■ EXERCISE DESCRIPTION:
Find the line with "Por eso toda" in the records below. Output exactly from there until after the line with "Купить Китайский чай", without pictures.

■ PROVIDED MATERIAL:
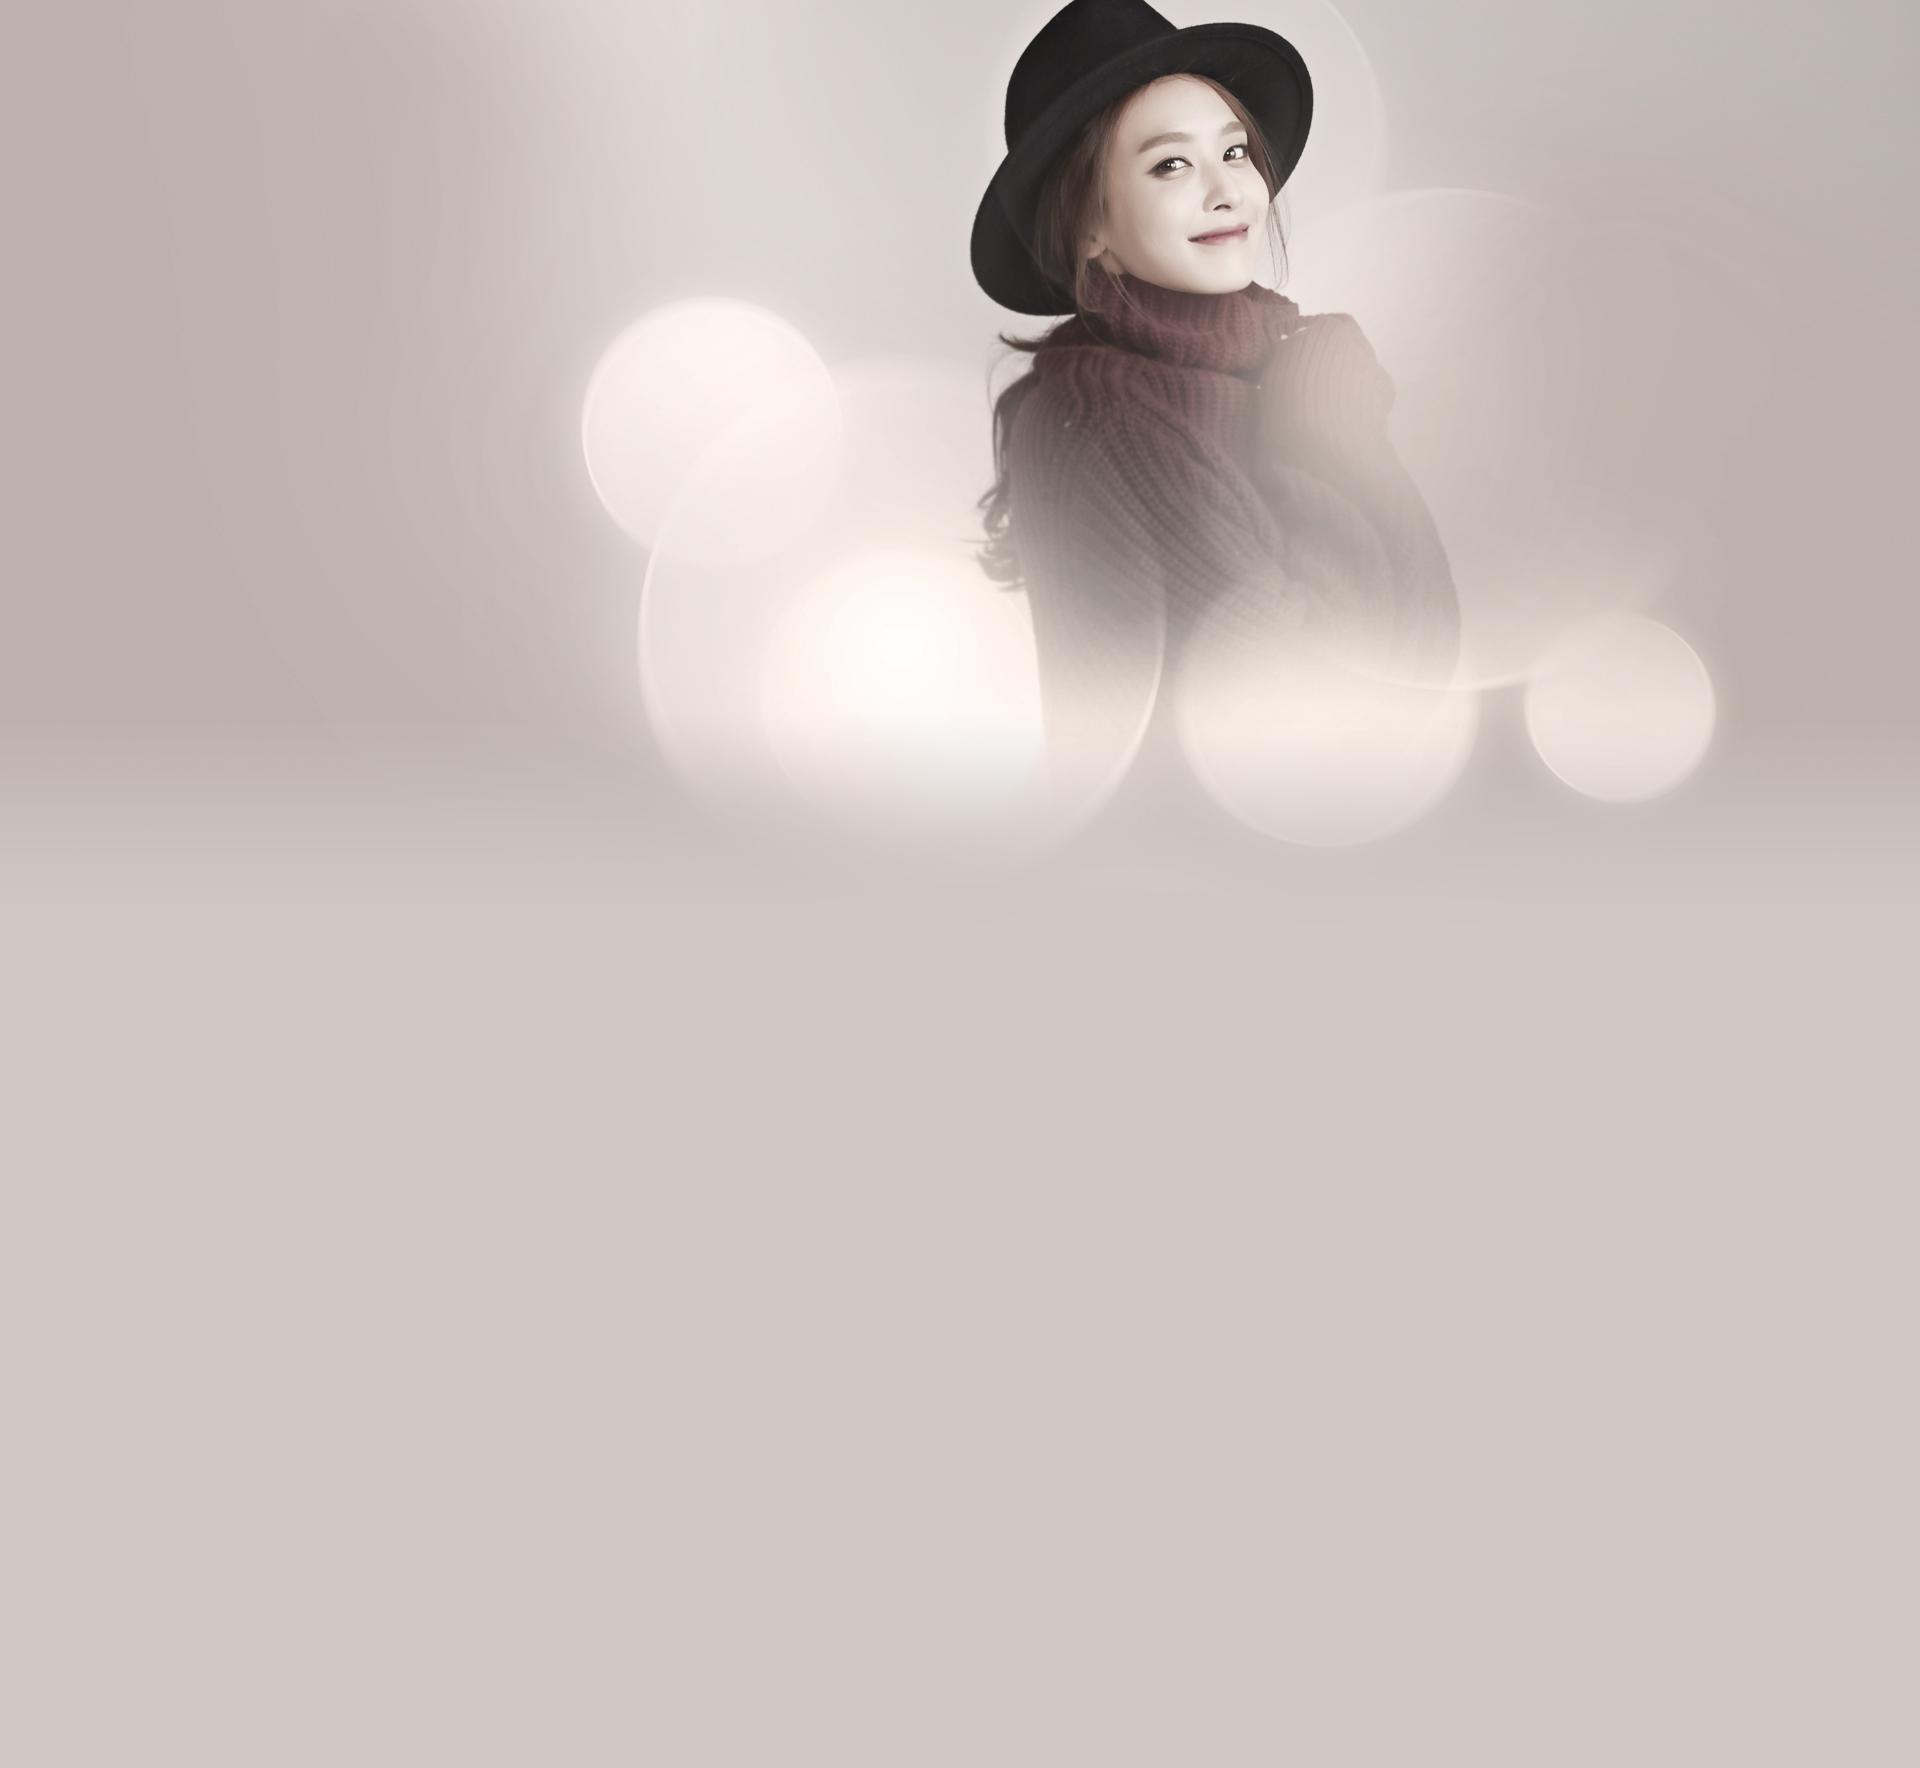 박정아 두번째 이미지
==
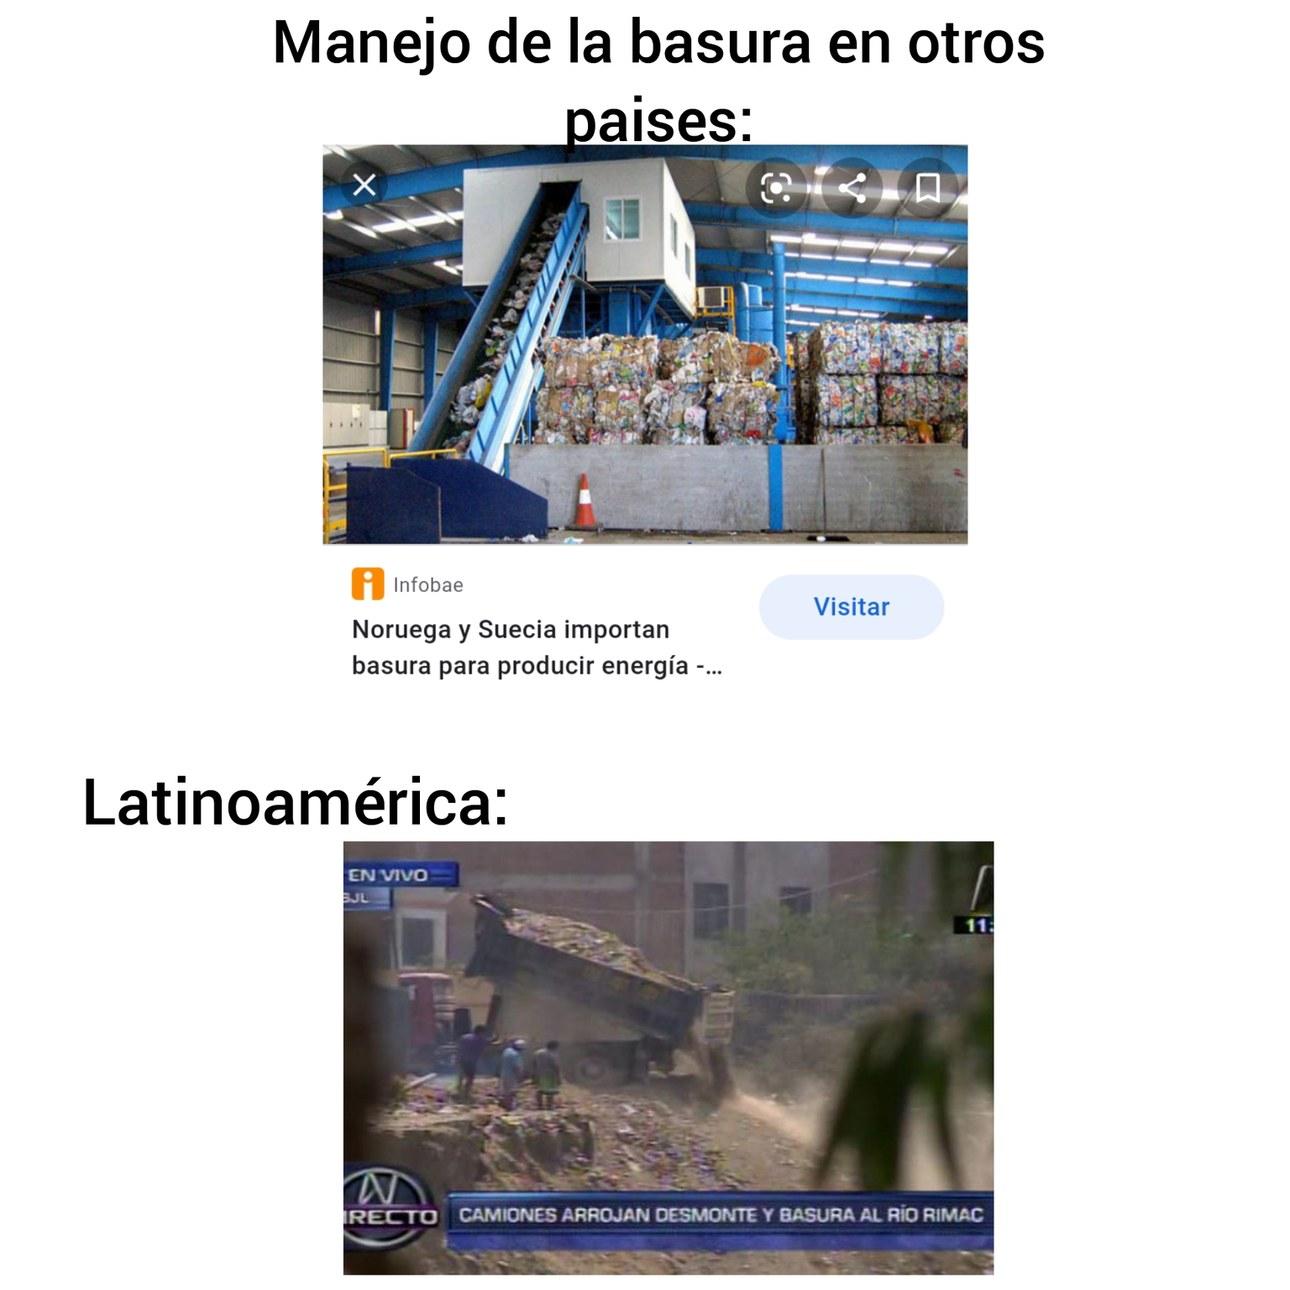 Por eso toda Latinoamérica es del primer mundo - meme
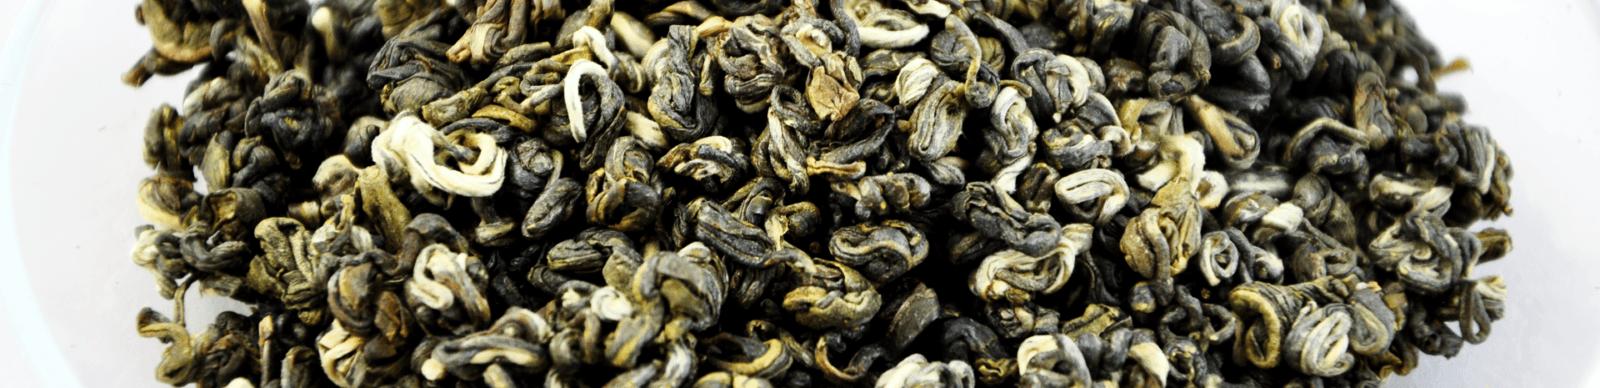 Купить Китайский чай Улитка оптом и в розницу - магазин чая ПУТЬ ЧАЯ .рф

■ EXERCISE ANSWER:
 Por eso toda Latinoamérica es del primer mundo - meme
 Купить Китайский чай Улитка оптом и в розницу - магазин чая ПУТЬ ЧАЯ .рф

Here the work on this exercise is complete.